AutoSys Workload Automation

I need to pick some brains on this one :-)

We are currently on Workload Automation AE 11.3.6 SP5 on Solaris (SPARC). We have had Autosys for years and it was originally setup with one master account called "autosys". When one of us (Autosys Administrators) needs to login to the Autosys server for example to do an autorep, etc., we login directly using the username "autosys" and password. We would like to change this account to a non-dialog account so that you can not longer login directly to it. You would first login as yourself and then sudo to the "autosys" user.

I am wondering if anyone else has ever done this with an environment thats not new? 

Does anything come to mind that would stop this from working?

Thanks!

Hello

I ran a quick test on Linux and in the home directory of the autosys user, there is a .bashrc file

At the end of this .bashrc, source the autosys environment like that

. /opt/CA/WorkloadAutomationAE/autouser.ACE/autosys.bash.<your host name>    

( the beginning is   dot space slash opt )

Then logon as your regular user, run: sudo su autosys

and you'll be able to execute any autosys commands

Regards

Jean Paul

How do you implement "We would like to change this account to a non-dialog account" ? Do you simply mean that nobody know Solaris autosys account password?

Correct. We login as ourself then sudo to the autosys account. 

I am trying trying to think of anything that could break due to this with Autosys. We current use WCC and EEM with Autosys. EEM is installed on Windows so that one is all set. 
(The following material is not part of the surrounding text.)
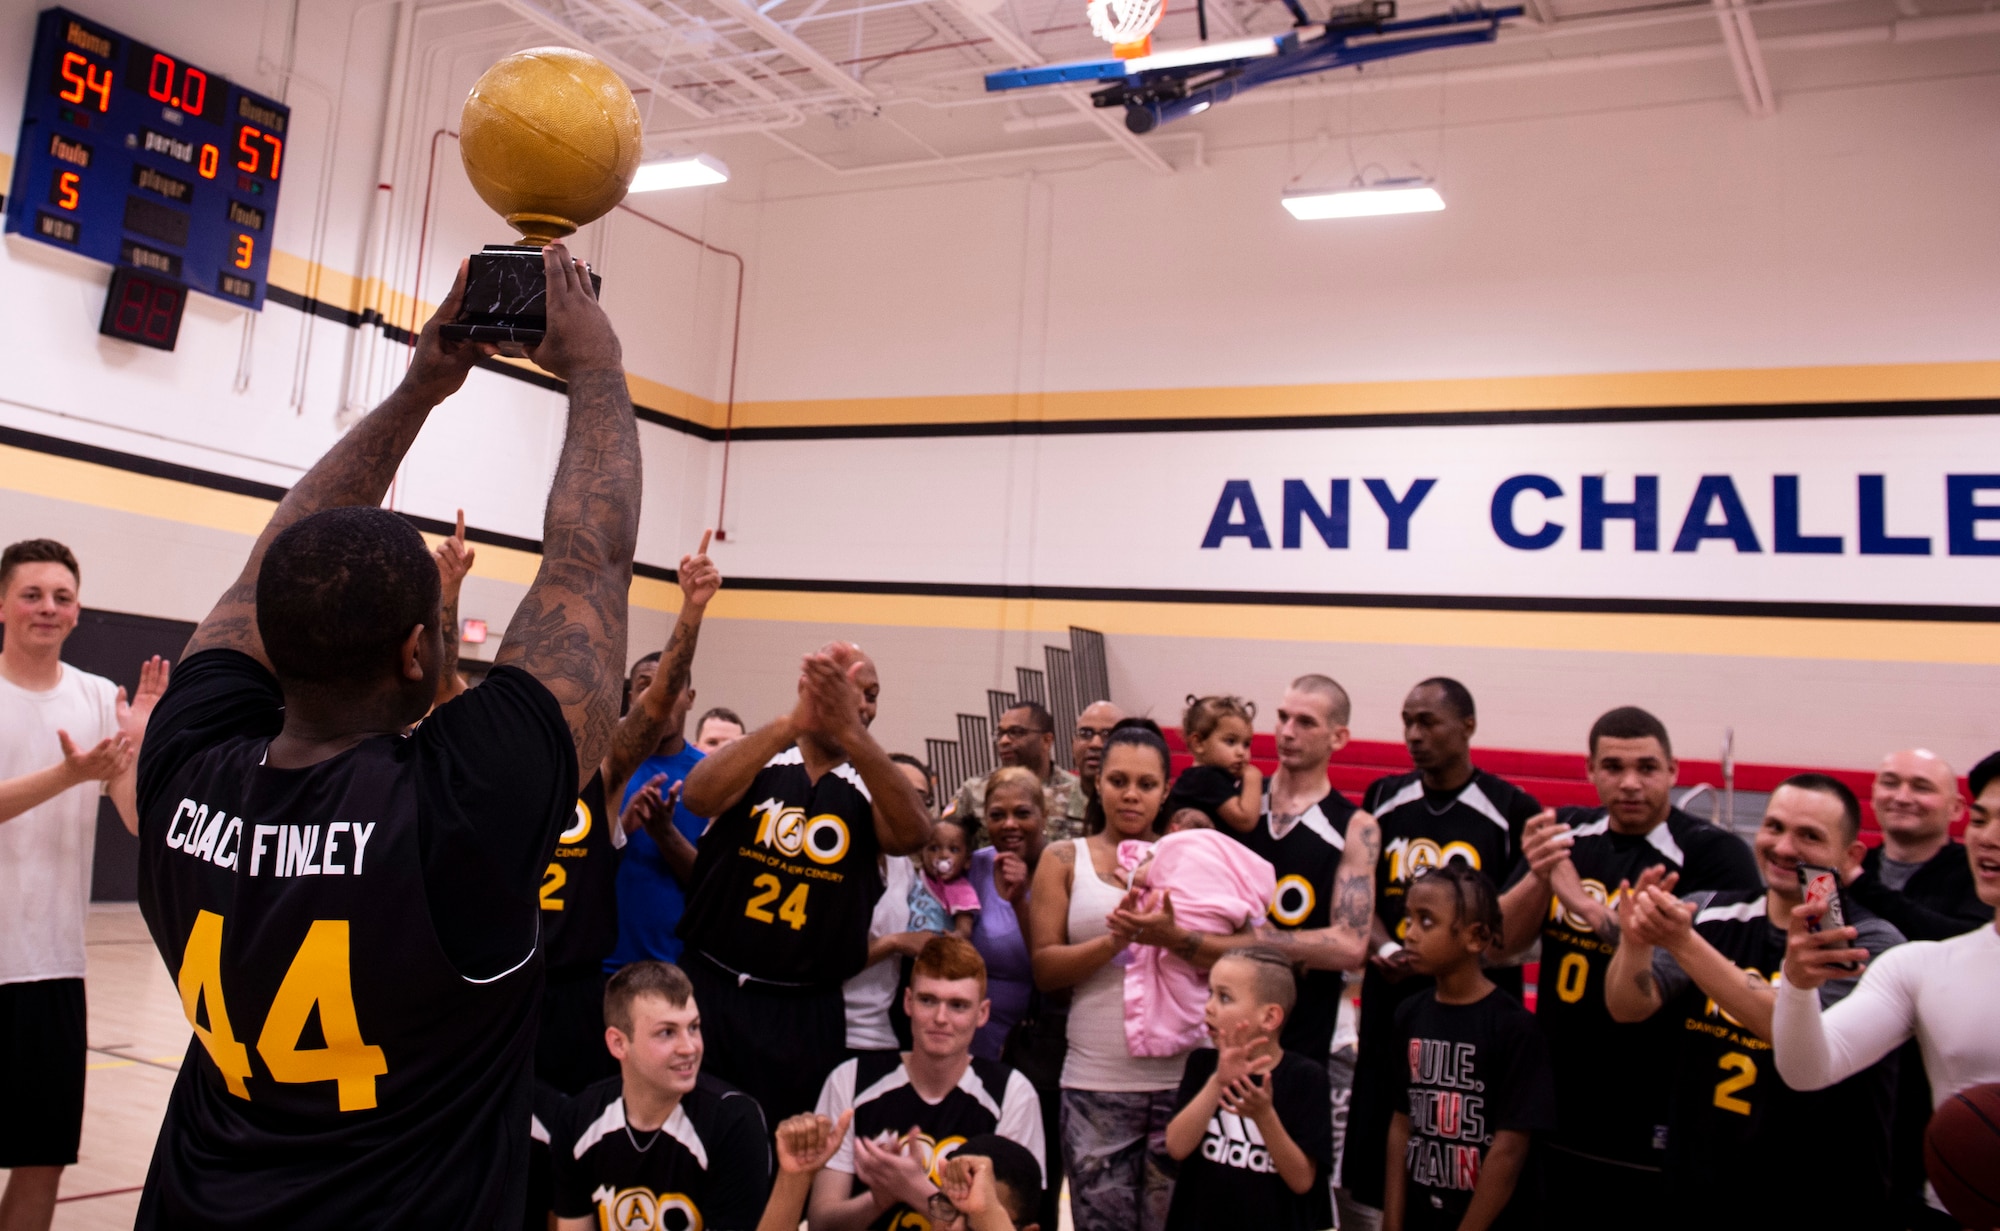 The coach of team U.S. Army Central Command (ARCENT) holds up a trophy following the completion of an intramural basketball championship game at Shaw Air Force Base, S.C., March 14, 2019.

Hi, we have a similar setup on solaris SPARC with several accounts we don't allow users to directly log into:

In /etc/profile:

############### Su only test section #############
## Note: if nfs is not available, this test fails and allows logon

if [[ `tty|grep "not a tty"` = "" ]]
then
    ORIGNSSHLOGIN=`who am i | awk '{print $1":"$6}' | awk -F. '{print $1}' | sed 's/(//g'`
    if ! `echo ${ORIGNSSHLOGIN} | egrep "zone:global" > /dev/null`
    then
        if ! `egrep ^${ORIGNSSHLOGIN} /nfs/unix/scripts/server.su.only.exception.list > /dev/null`
        then
            WHONAME=`/usr/bin/whoami | awk '{ print $1 }'`
            if [[ "`grep $WHONAME /nfs/unix/scripts/server.su.only.list | grep -v "#"`" == "$WHONAME" && `tty| grep console` = "" ]]
            then
                WHOORIG=`/usr/bin/who am i | awk '{ print $1 }'`
                if [[ $WHONAME == $WHOORIG ]]
                then
                    echo "You cannot log in directly from $LOGNAME ";
                    echo "Please logon with your personal ID and use su - $LOGNAME ";
                    exit ;
                else
                    :
                fi
            fi
        else
            :
        fi
    fi
fi

############### End of su only account text ######

This selection works fine with the autosys accout as any jobs normally run by autosys from AE are run non-interactively.